Полковник Аурелиано Буэндиа ничем не показал, что он разгневан, но снова обрел душевное спокойствие лишь после того, как его личная охрана разграбила и спалила дом вдовы. «Береги свое сердце, Аурелиано, — предостерег его тогда полковник Геринельдо Маркес. — Ты гниешь заживо». Около этого времени полковник Аурелиано Буэндиа созвал второе совещание командующих повстанческими войсками. Явился самый пестрый народ: здесь были идеалисты, честолюбцы, авантюристы, люди, отверженные обществом, и даже обыкновенные преступники. В том числе один чиновник-консерватор, примкнувший к революции, чтобы спастись от наказания за растрату казенных денег. Многие даже не знали, за что они сражаются. Среди этой разношерстной толпы, где несогласие в убеждениях готово было уже вызвать внутренний взрыв, обращала на себя внимание одна мрачная и властная фигура — генерал Теофило Варгас.

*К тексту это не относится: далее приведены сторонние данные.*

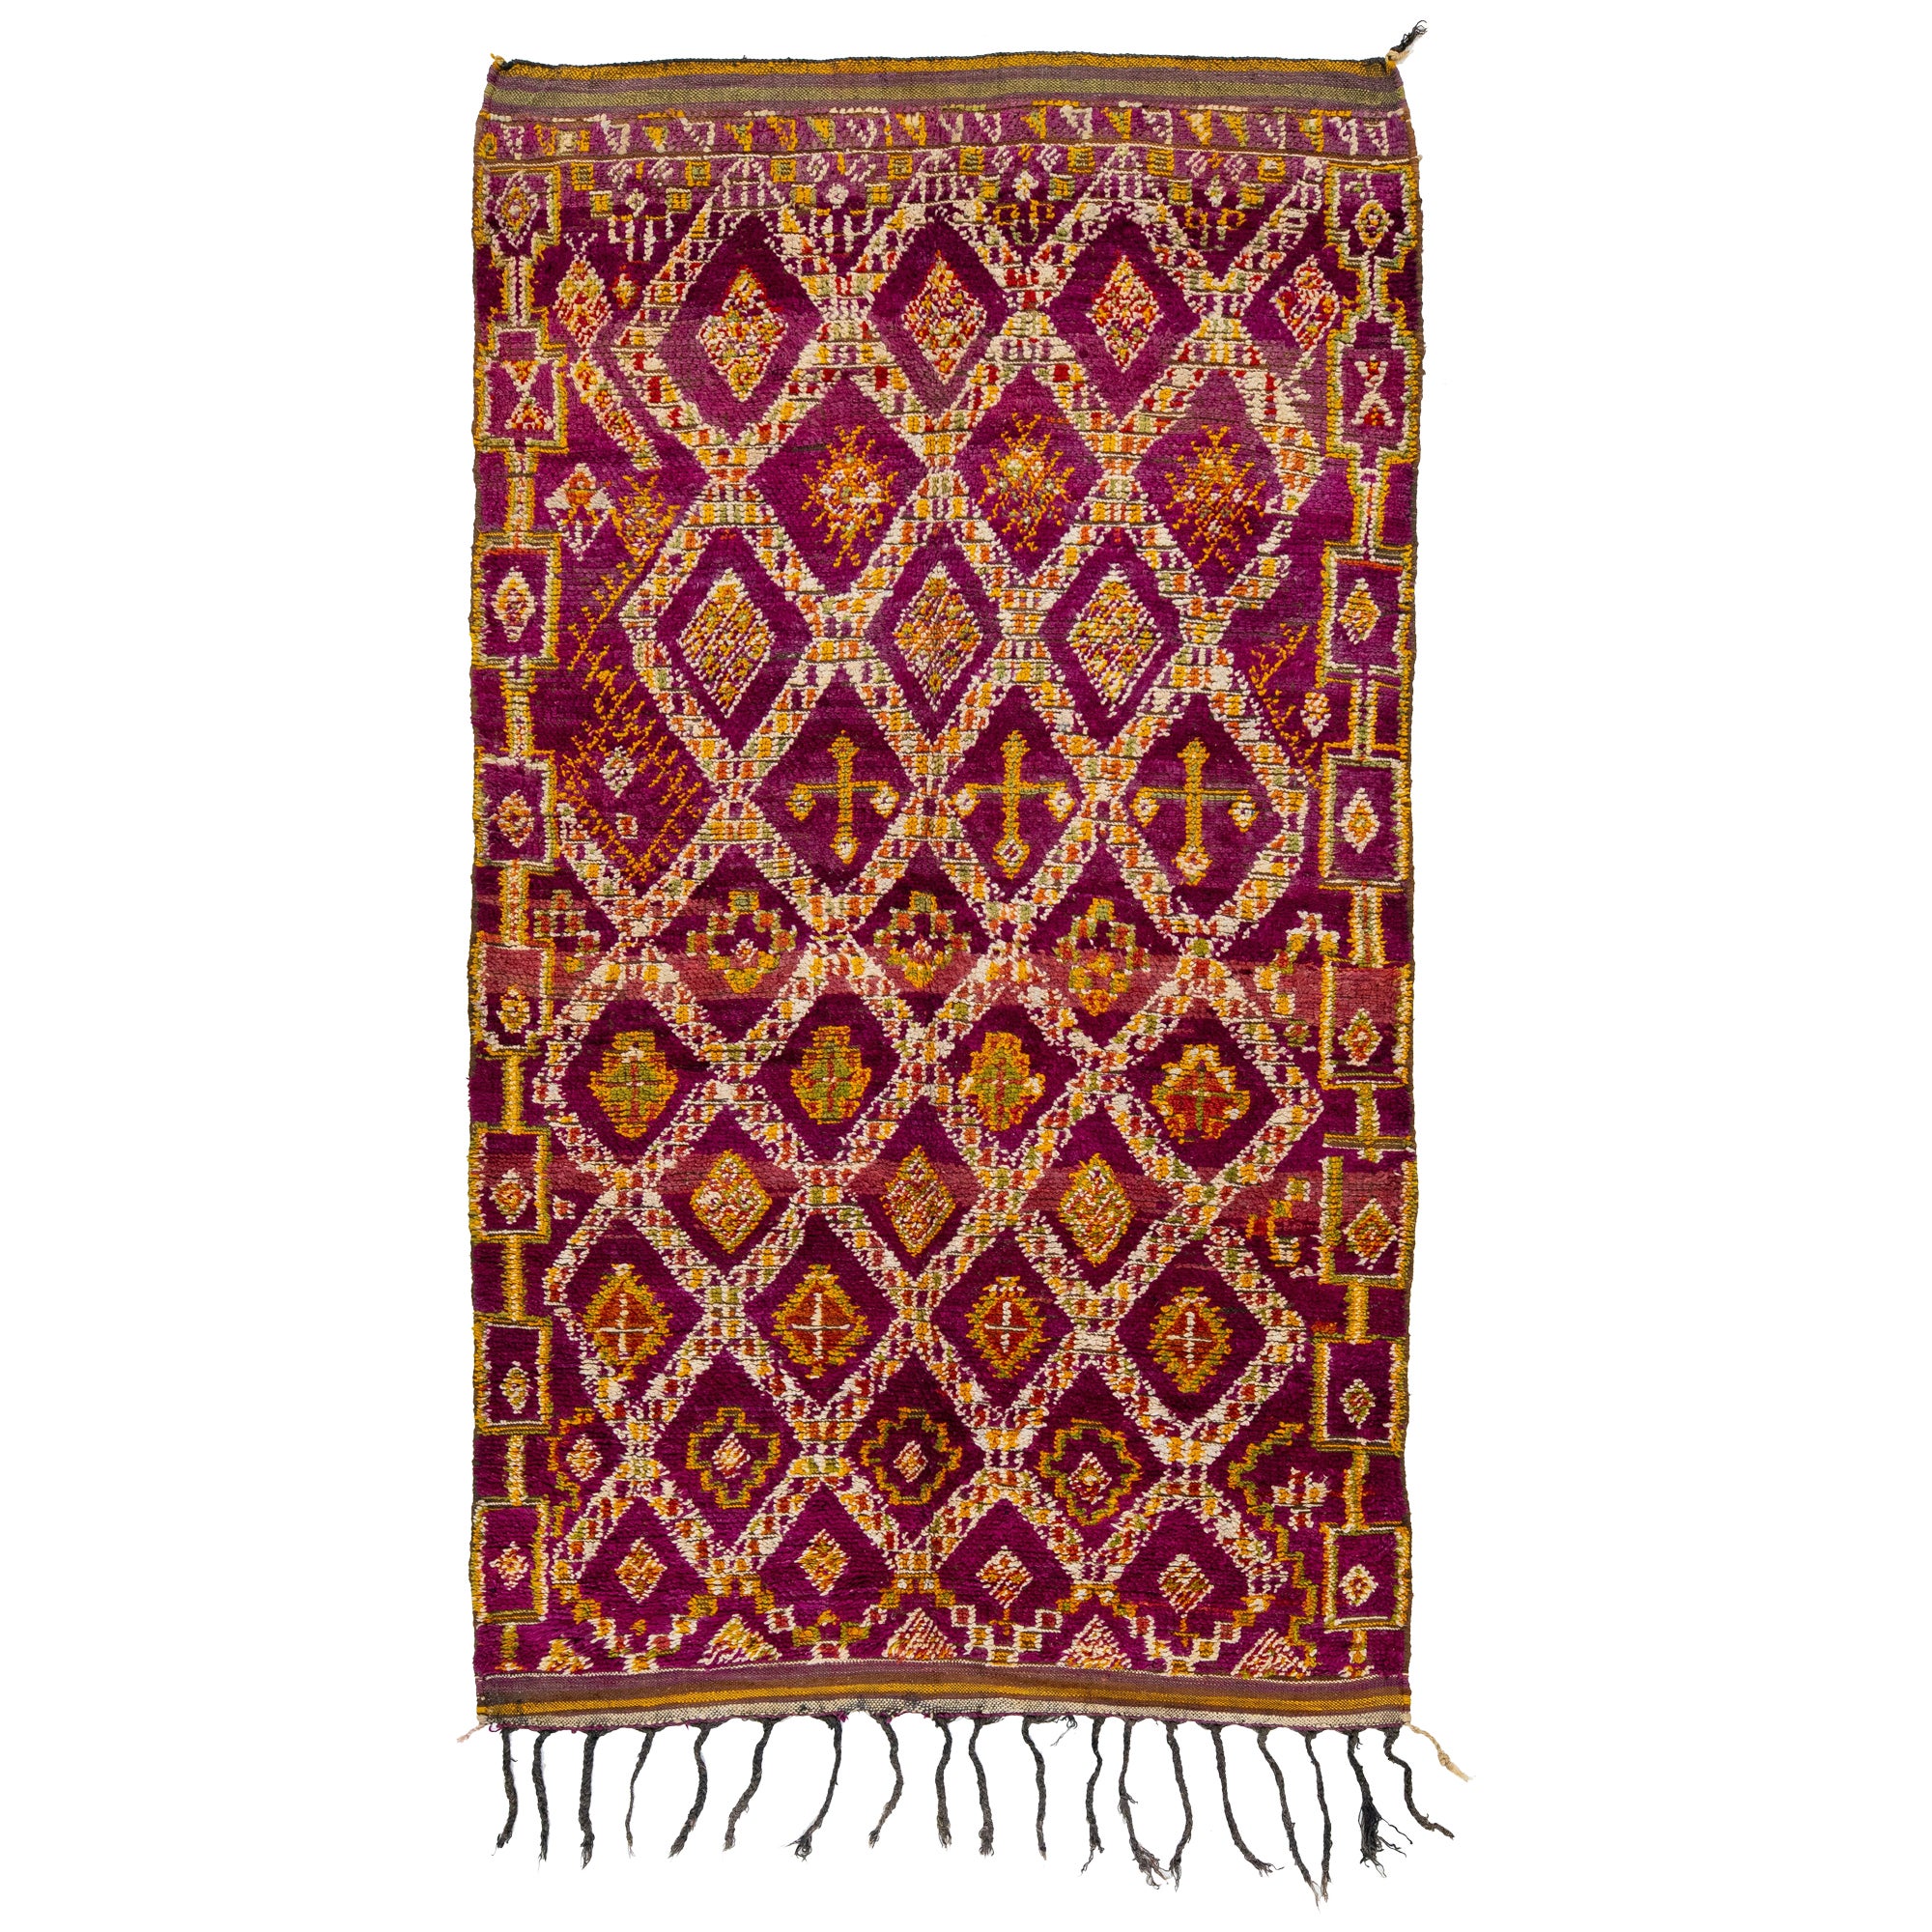 Mid-20th Century Vintage Tribal Moroccan Wool Rug In Purple  For Sale

Это был чистокровный индеец, человек грубый, неграмотный, наделенный молчаливым коварством и пророческим пылом, помогавшим ему превращать людей в безумных фанатиков. Полковник Аурелиано Буэндиа рассчитывал объединить на совещании все повстанческое командование для борьбы против махинаций политиков. Но генерал Теофило Варгас расстроил его планы: за несколько часов он успел внести разлад в коалицию самых опытных командиров и захватил главное командование в свои руки. «С этой бестией надо быть настороже, — сказал полковник Аурелиано Буэндиа своим офицерам. — Для нас такой человек опаснее военного министра». Тогда один молоденький капитан, обычно отличавшийся робостью, осторожно поднял вверх указательный палец.

— Это очень просто, полковник, — сказал он. — Надо его убить.

Полковника Аурелиано Буэндиа встревожила не жестокость предложения, на долю секунды опередившего собственную его мысль, а та форма, в которой оно было сделано.

— Не ждите, что я отдам такой приказ, — ответил он.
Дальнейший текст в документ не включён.